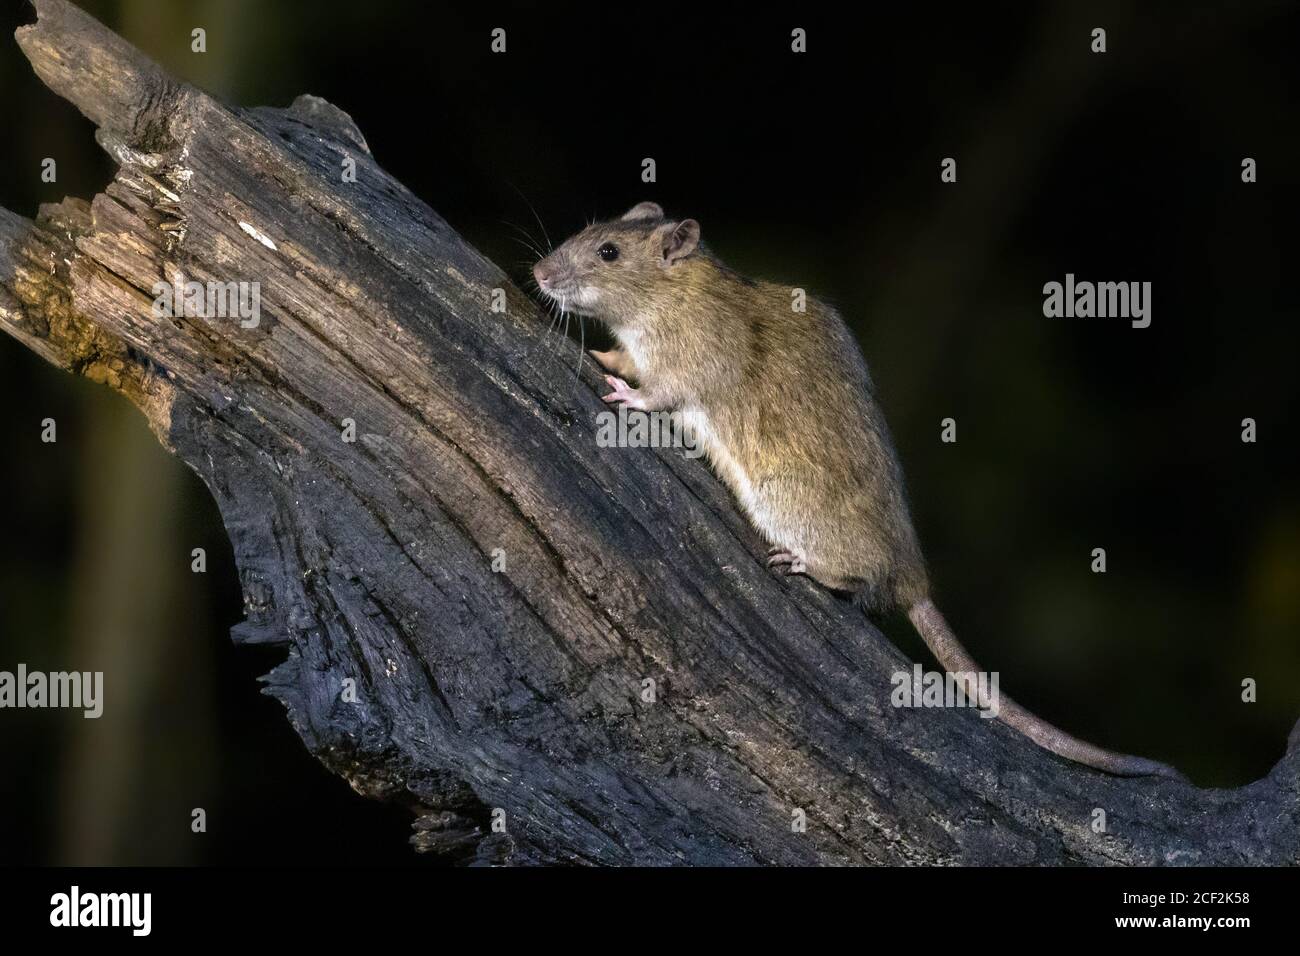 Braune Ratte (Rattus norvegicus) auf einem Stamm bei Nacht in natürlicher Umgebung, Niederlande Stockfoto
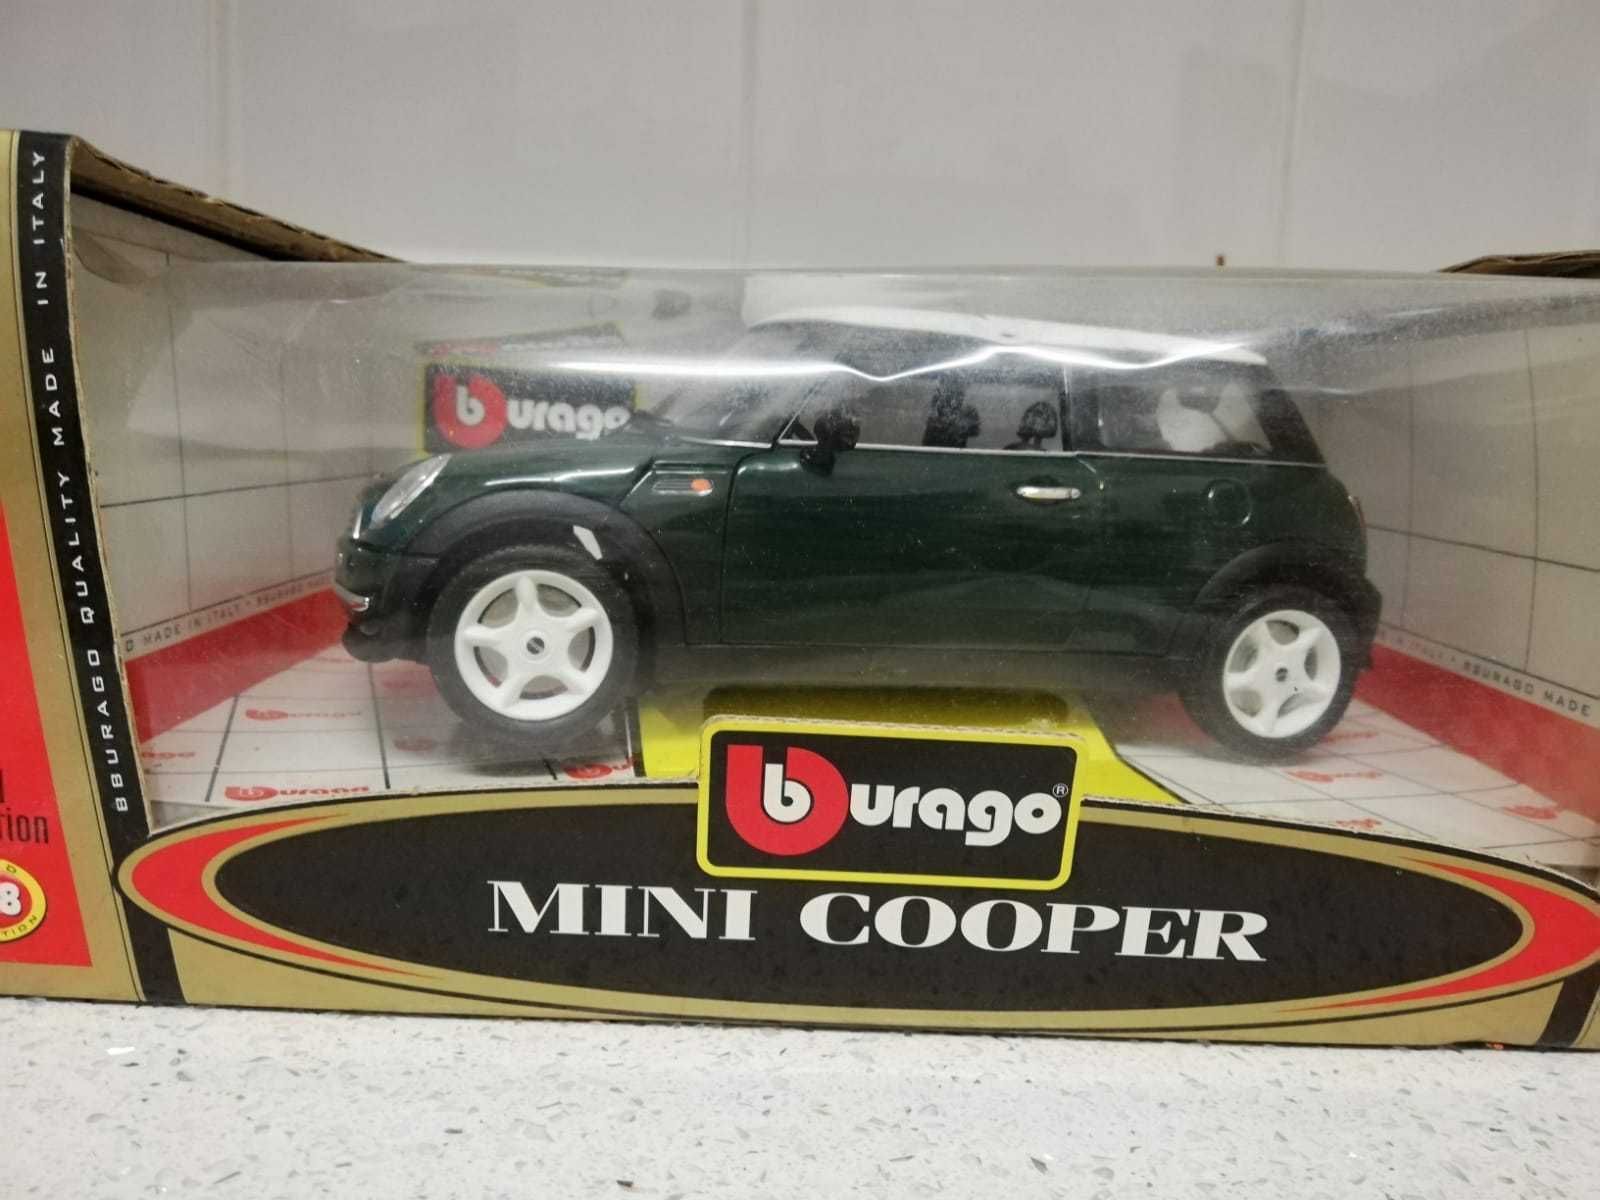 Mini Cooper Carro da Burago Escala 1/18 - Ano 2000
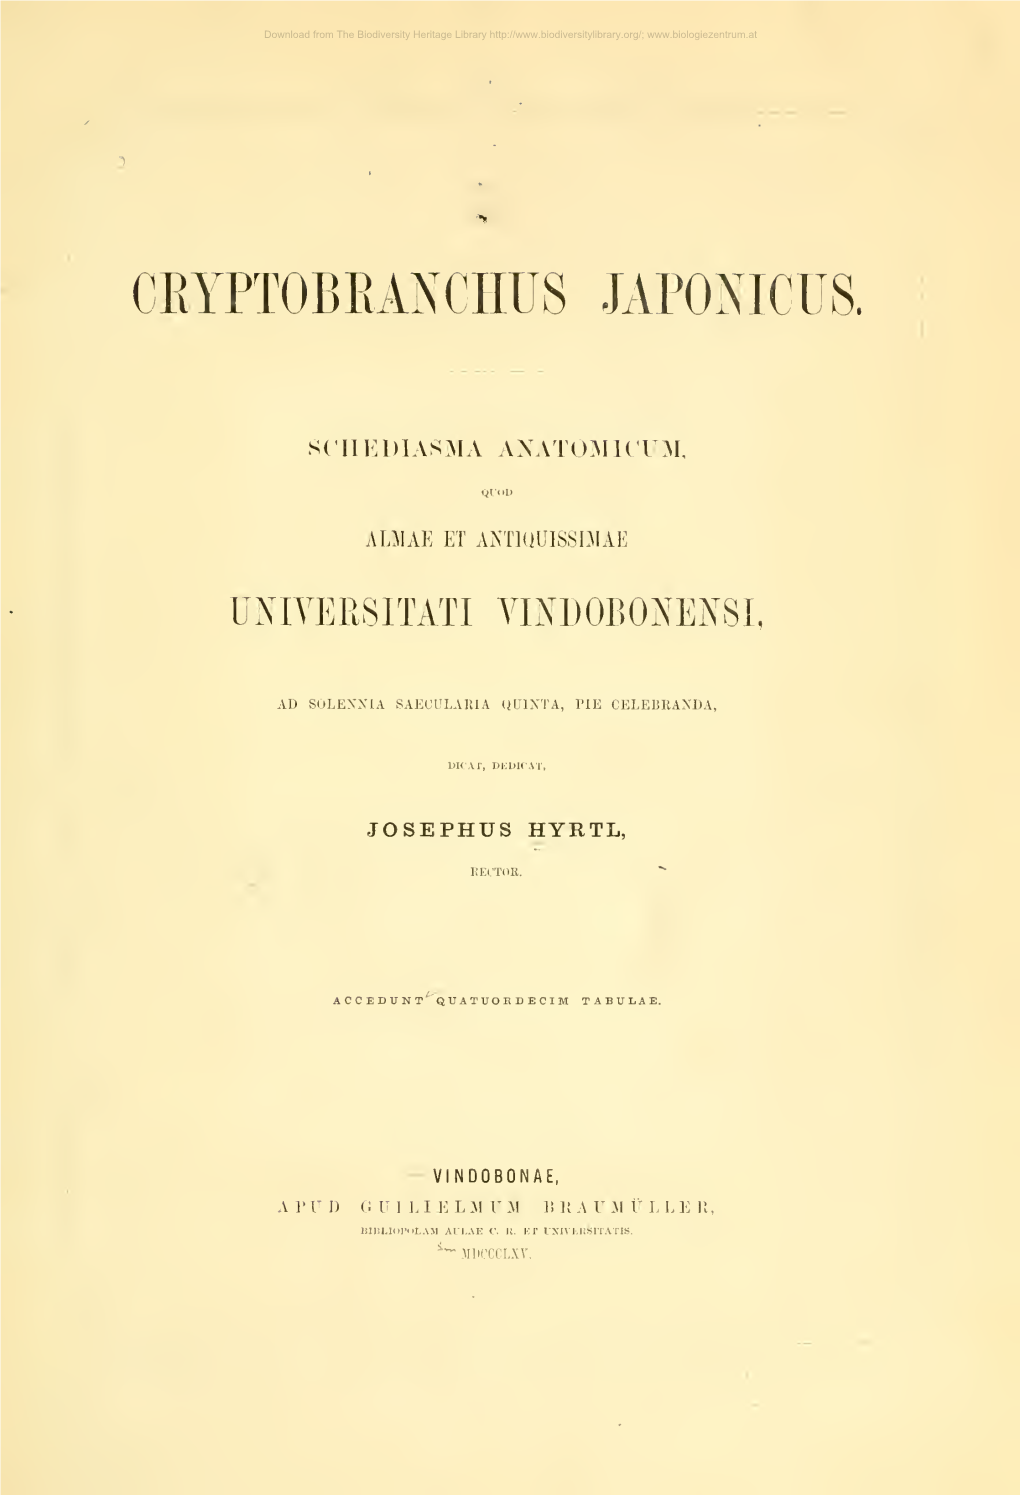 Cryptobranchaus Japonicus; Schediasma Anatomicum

- _YOUR INSTRUCTIONS_
All of the data, minus its pictures, should be repeated exactly.

- _FINISHED EXERCISE_
 Braune Ratte (Rattus norvegicus) auf einem Stamm bei Nacht in natürlicher Umgebung, Niederlande Stockfoto
 Mini Cooper Carro da Burago Escala 1/18 - Ano 2000
 Cryptobranchaus Japonicus; Schediasma Anatomicum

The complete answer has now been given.